Open sean-lagger opened 1 year ago

sean-lagger commented 1 year ago

As of now, the beforeError hook only handles HTTPErrors. A hook for handling errors like TimeoutError would be beneficial to avoid having to wrap every request call in try { ... } catch { ... } blocks

cerinoligutom commented 1 year ago

Is there a particular reason why TimeoutErrors do not go to the beforeError hook?

Our use case is to centralize all errors coming from this library and we're expecting that TimeoutError would go through beforeError as well, however it does not so we end up having to do try...catch statements downstream everywhere just so we could catch the TimeoutError thrown by this library. Is there a more elegant way to achieve this with the current API as of v0.33.3?

sindresorhus commented 1 year ago

The hook was originally designed to let users enrich HTTP response errors. It also does not receive network errors.

Just out of curiosity, if it would receive TimeoutError, what would you do with it in the hook?
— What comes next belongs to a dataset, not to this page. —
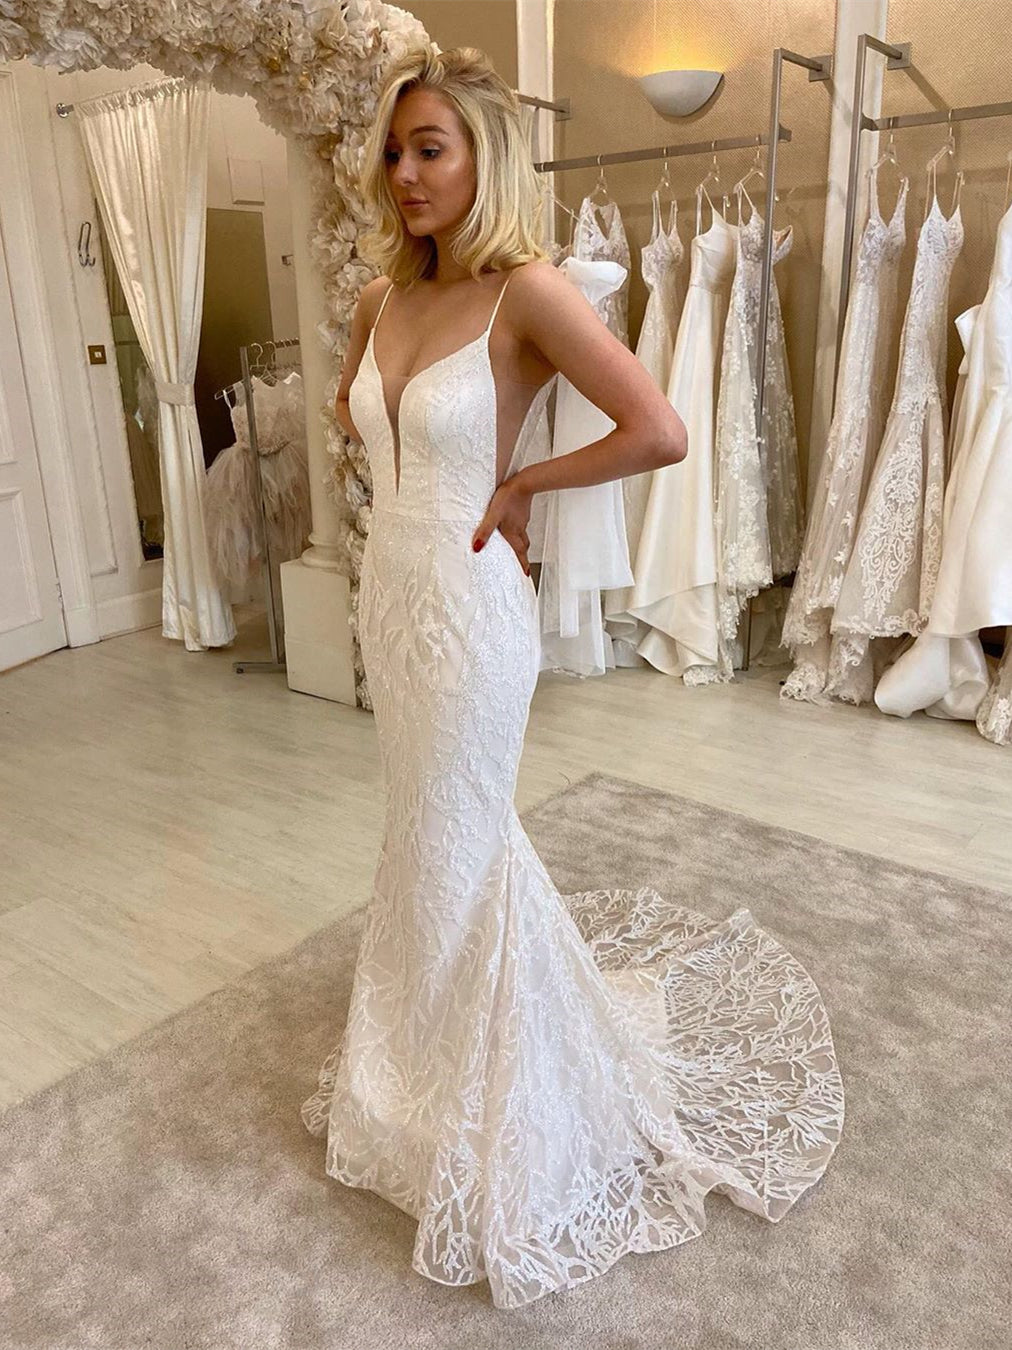 2 Pieces Spaghetti Long Mermaid Sequin lace Wedding Dresses, 2020 Newest Wedding Dresses, Bridal Gown

sean-lagger commented 1 year ago

Basically the intent is to have a centralized way to handle errors like TimeoutError so that we don't have to run a try...catch for every call while still leveraging the Ky instance.

"Just out of curiosity, if it would receive TimeoutError, what would you do with it in the hook?" Primarily communicating that a timeout error has occurred to the user in the UI, amongst other things

sindresorhus commented 1 year ago

Primarily communicating that a timeout error has occurred to the user in the UI, amongst other things

The hook expects you to return an error though, so even if it supported receiving TimeoutError, you would not be able to silence the error.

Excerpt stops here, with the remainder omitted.